It is a normal day, I am sitting around in my online class and bored out of my mind. Eagerly watching time tick by at a snail’s pace. I try playing a game on my phone, grasping for something, anything interesting to happen. I repeatedly go through the tapping motions required for any mobile game. But then my day changes for the better. You appear.
You are summoned, coming out of nowhere. I try to evert my eyes but you are just too tempting. I can’t resist anymore; I have to look. You’re so filled with colors and sounds and banners, my heart swells with joy. You resurrect my spirit like a phoenix from the ashes.
Oh mobile game ads, how I love you so. I just cannot get enough. I love everything about you. From, the bottom of the screen to the top, you’re a cacophonous display of sights and sound. You take my breath away every time you find me.
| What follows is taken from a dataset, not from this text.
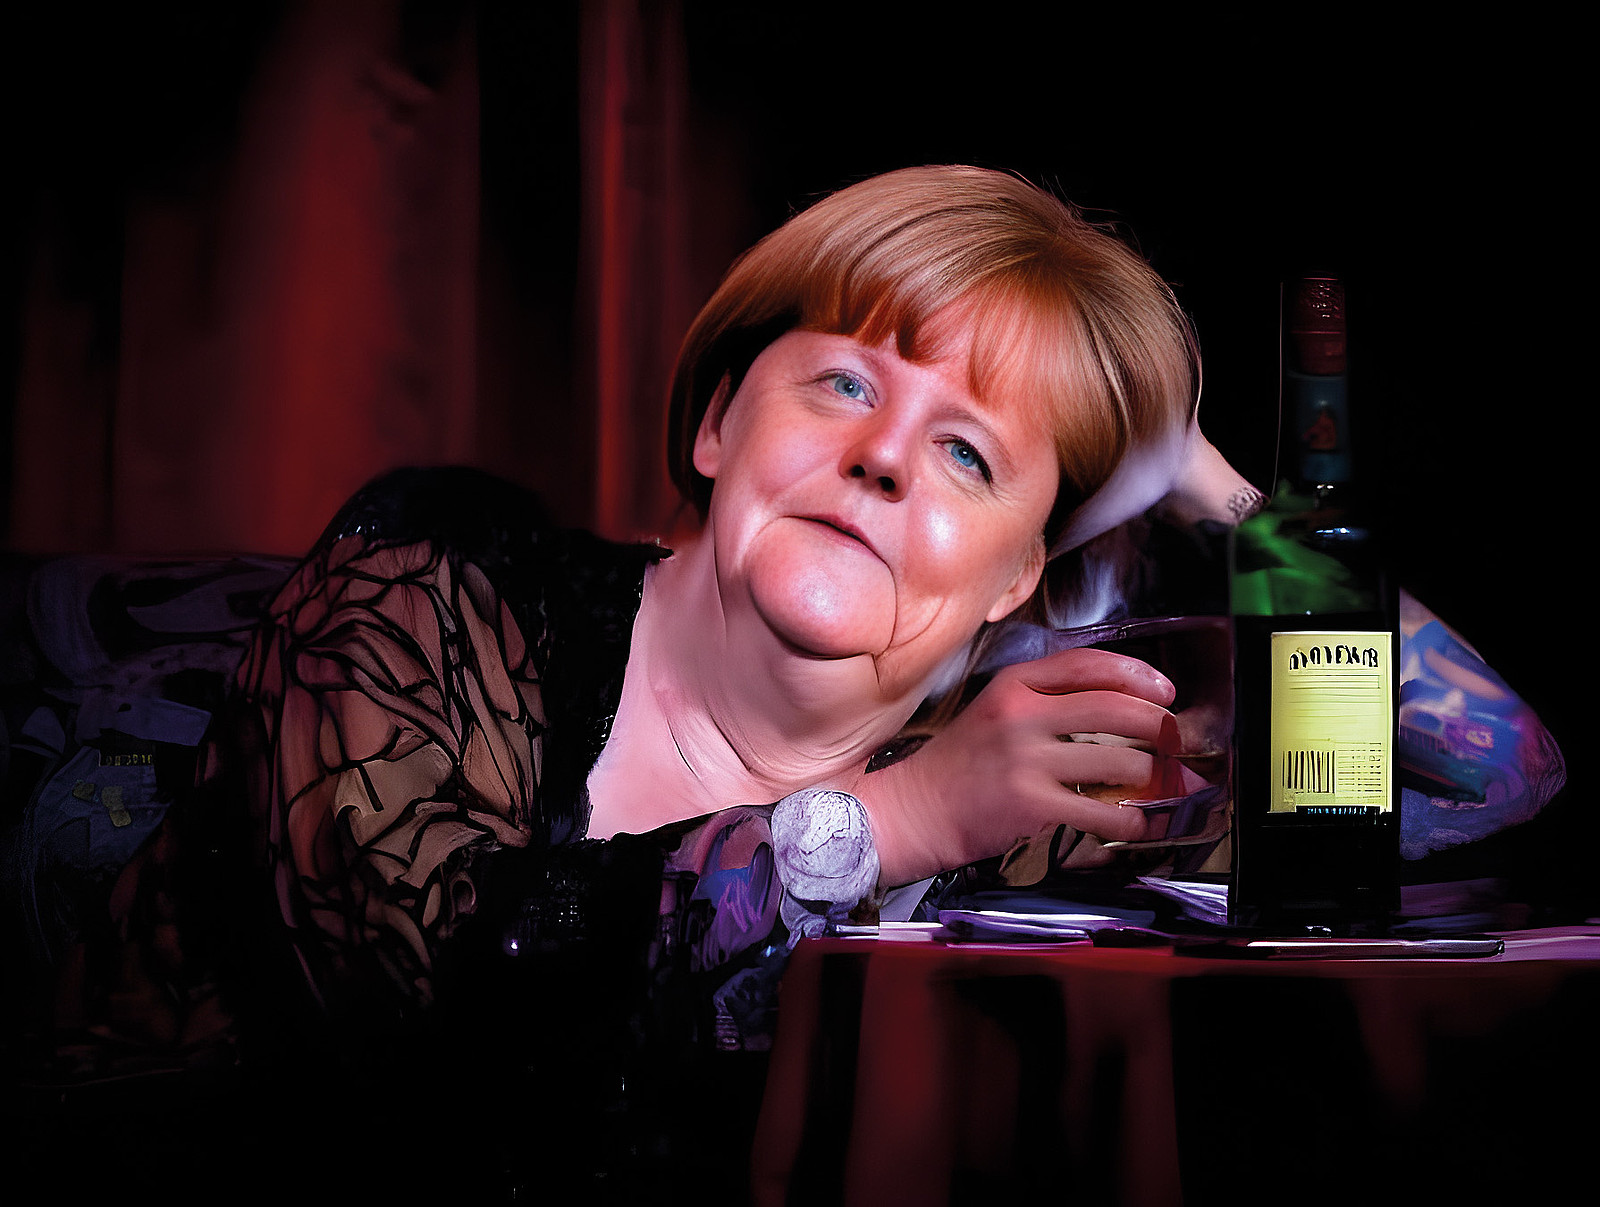 Dasselbe Motiv, aber diesmal mit dem Gesicht von Angela Merkel, das mit einem KI-Tool auf den Körper der Frau gesetzt wurde. Die Übergänge sind etwas holprig, aber beim schnellen Hinschauen könnte man durchaus getäuscht werden.

Oh, how I love your invisible X. I happily live in ecstasy for thirty seconds while your “well-produced” ad occurs. With your images big breasted women and plucky narration. Whenever I hear “Anna, I’m home!” from the Rise of Kingdoms ad, I know it will be a good day. And I love getting you to make a strange moral decision. I always make a choice; all to get the full demo experience.
But in the back of my mind though, I know the X will appear sometime. I live in denial for one quarter to half a minute. But sadly, it finally appears. I wait as long as I can before hitting it, but at a certain point, I must move on.
Only to have my love reinvigorated by a playable demo. Your playable demos are too much for me. You give me just enough to make me fall head over heels for you but end right as it gets good. You leave me wanting more, lusting for your sweet gameplay of a shitty tower defense game.
Then you leave me once more, and my day becomes mundane again. Now begins the cycle all over again. I go back to my class, back to the real world. But in my mind, I will always remember the thirty seconds I was fighting zombies or running a pawn shop.
I will be your level one crook forever.